Examples are easy to find. Here, take a look:

I’m really not sure how a reaction of disgust to paedophilia indicates someone is “jaded.”

See? “Love, not sex,” the anonymous meme-maker says. Never mind that Terada gives Rika an engagement ring, the purpose of which is known to all. And never mind that the manga series ends with her going off to a secret rendezvous with him. The meme-maker is confused, because she doesn’t distinguish types of love, nor admit that affections can be disordered and take the wrong object. If Terada genuinely loved Rika, truly and properly, he’d keep his dirty hands off her.

If we make proper distinctions between different types of love according to their final causes, it becomes clear why some of the relationships in Cardcaptor Sakura are objectionable. Romantic love ultimately leads to sexual union because that’s its purpose, and that’s why it’s not appropriate between, for example, adults and children. That is not an objection to love per se; it is only an objection to disordered affections that have taken the wrong object.

This brings me around at last to a question I posed at the beginning: why exactly is Cardcaptor Sakura, a saccharine franchise with no cheesecake or sexual content, so insanely popular with the so-called lolicons? I think the answer is because the story takes place in a sort of paedophile fantasy world, an alternate universe where children are just miniature adults and where nobody ever breaches any sexual boundaries because there don’t appear to have ever been any in the first place.

And that’s why I hate Cardcaptor Sakura.

  • Roffles Lowell

    Bravo on a great series of essays. This last one in particular got me thinking.

    When you sign on for a serial work of genre fiction you’re investing a much larger time commitment than you do with a movie or a single volume of “literary” fiction. You have less of an idea of what you’re ultimately signing on for, too, especially if it’s new and only a few installments deep. Still, you bring higher expectations when you give away a large chunk of your time. You won’t want to be bored during this time spent, nor do you want to feel like it was just a cheap thrill when it’s over.
    What then do you do, when you make the long journey with a series, and it didn’t do what you wanted it to do?

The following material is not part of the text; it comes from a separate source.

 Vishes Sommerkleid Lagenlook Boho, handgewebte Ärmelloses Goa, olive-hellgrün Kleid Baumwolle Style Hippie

An unwelcome plot twist or an underwhelming ending is one thing. But when the themes themselves are objectionable, it gets stickier. If it’s genre fiction and it delivers the expected goods, many people are happy to leave it at that and leave quibbles to the haters. Good luck hunting down a tough, objective review source.

    It kind of makes serialized fiction a risky prospect, in general. It’s probably for this reason I myself tend to avoid it unless I’ve got some kind of reassurance that I’m not going to wind up as dissatisfied as…say…. you, reading Card Captor Sakura.
    For example, lets say someone is starting a magical girl serial with darkish undertones. Hmm, OK. Is this going to go somewhere that will land me on an FBI watch list? Well, they run a blog about Catholic themes in science fiction, so, probably not! For example.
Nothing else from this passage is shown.